From Microsoft to Martin Luther, and back again
In 1994, Mike Halvorson was the first one to write a book about something nobody else cared about. The book? How to use a little-known software program called Microsoft Office. We can guess how that turned out. Halvorson graduated PLU in 1985 with a degree in computer science and a minor in history. That unique combination seemed to help when, soon after graduation, Halvorson found himself working for Microsoft, back in the days when they only had two buildings. He was employee #850.
“Why would a liberal arts degree matter?” he asked, musing on the days after his graduation. “It got me a job!”
The job was at Microsoft Press, the software giant’s in-house book publishing division. He worked there until 1993 and then set off on his own. By 2000, he had authored more than 30 books on how to master various software programs, from Microsoft Office to Visual Basic. He’s sold more than a million copies.
And then, as Halvorson described it, he “pushed the re-set button.”
He decided to earn his master’s – then his Ph.D. – in European history. And soon thereafter, he found himself back at his alma mater teaching about Martin Luther and Reformation Germany (and writing books about the subject, of course).
He realizes it is an odd combination: Not many people are experts in cutting-edge computer programming and 500-year old political and religious history. He’s also aware that some people might suggest that, in studying 16th Century European history, he is again writing books about things nobody cares about.
Hardly. He’s currently working on a book that addresses this “why should I care?” question he sometimes confronts. Tentatively titled “Golden Age: Ten Brilliant Leaps of Imagination,” the book considers some of the ideas that came out of Europe between 1400-1700 that still hold sway today. Inventions like the printing press, discoveries in anatomy and astronomy, and the creation of ideas like humanism and justification by faith.

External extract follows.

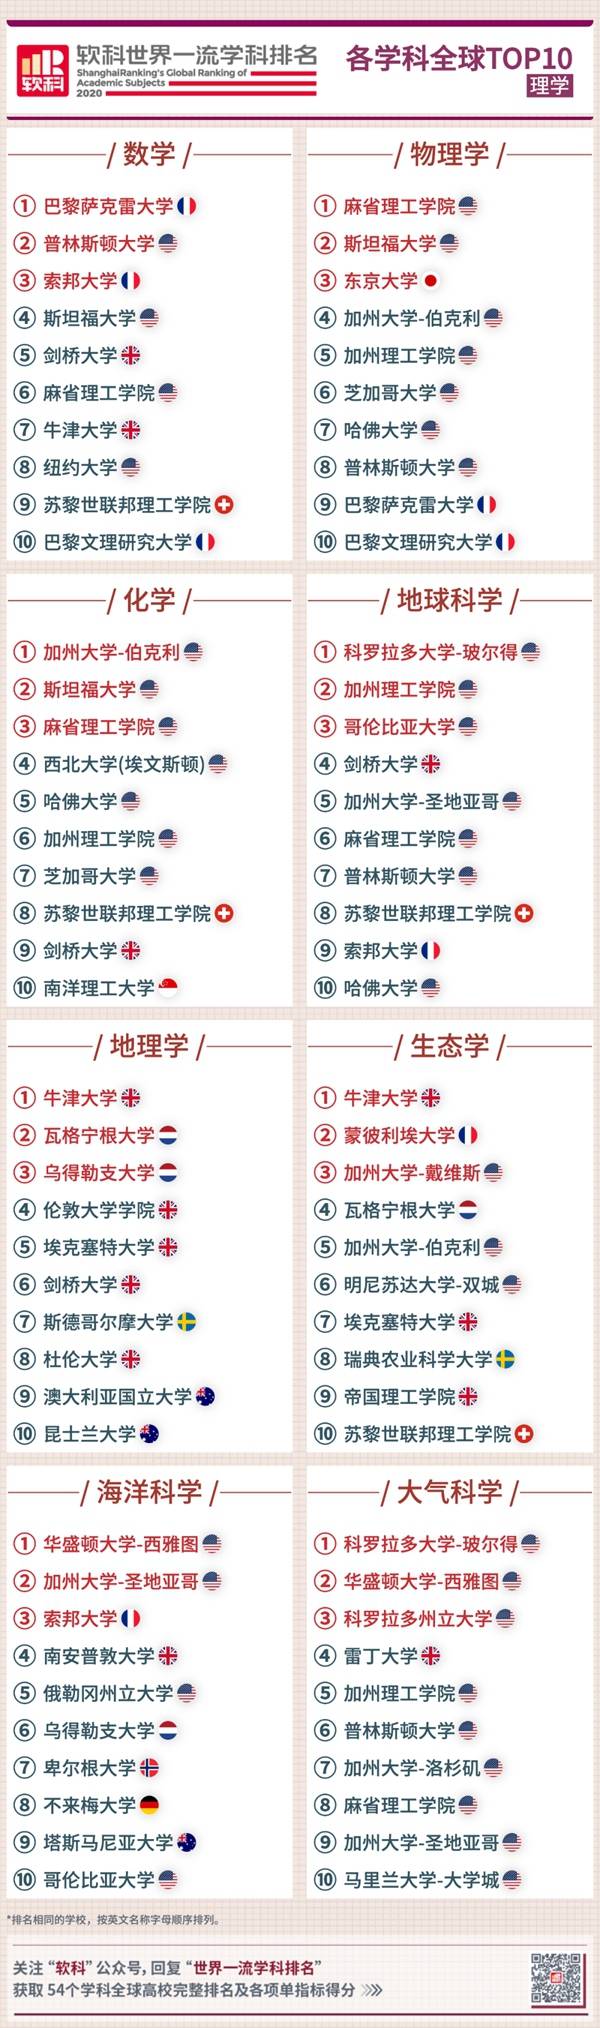 2020软科中国大学排名_QS中国高校世界排名,与软科中国最好高校排名,前7位

Or, too, the very Lutheran concept of living a life of faith and interjecting it in the world. “It’s the idea of connecting your morality with your citizenship,” he said. This was, after all, what Martin Luther and the German Reformation was all about.
It’s also what PLU is about. Halvorson knows – he’s seen it from both sides, as a student and a history professor.
“When I first came here, I thought it was the biggest place in the world,” Halvorson said of his days as an undergraduate student. “Now, I see it as pretty small – a place where one person, one teacher, can make a big difference.”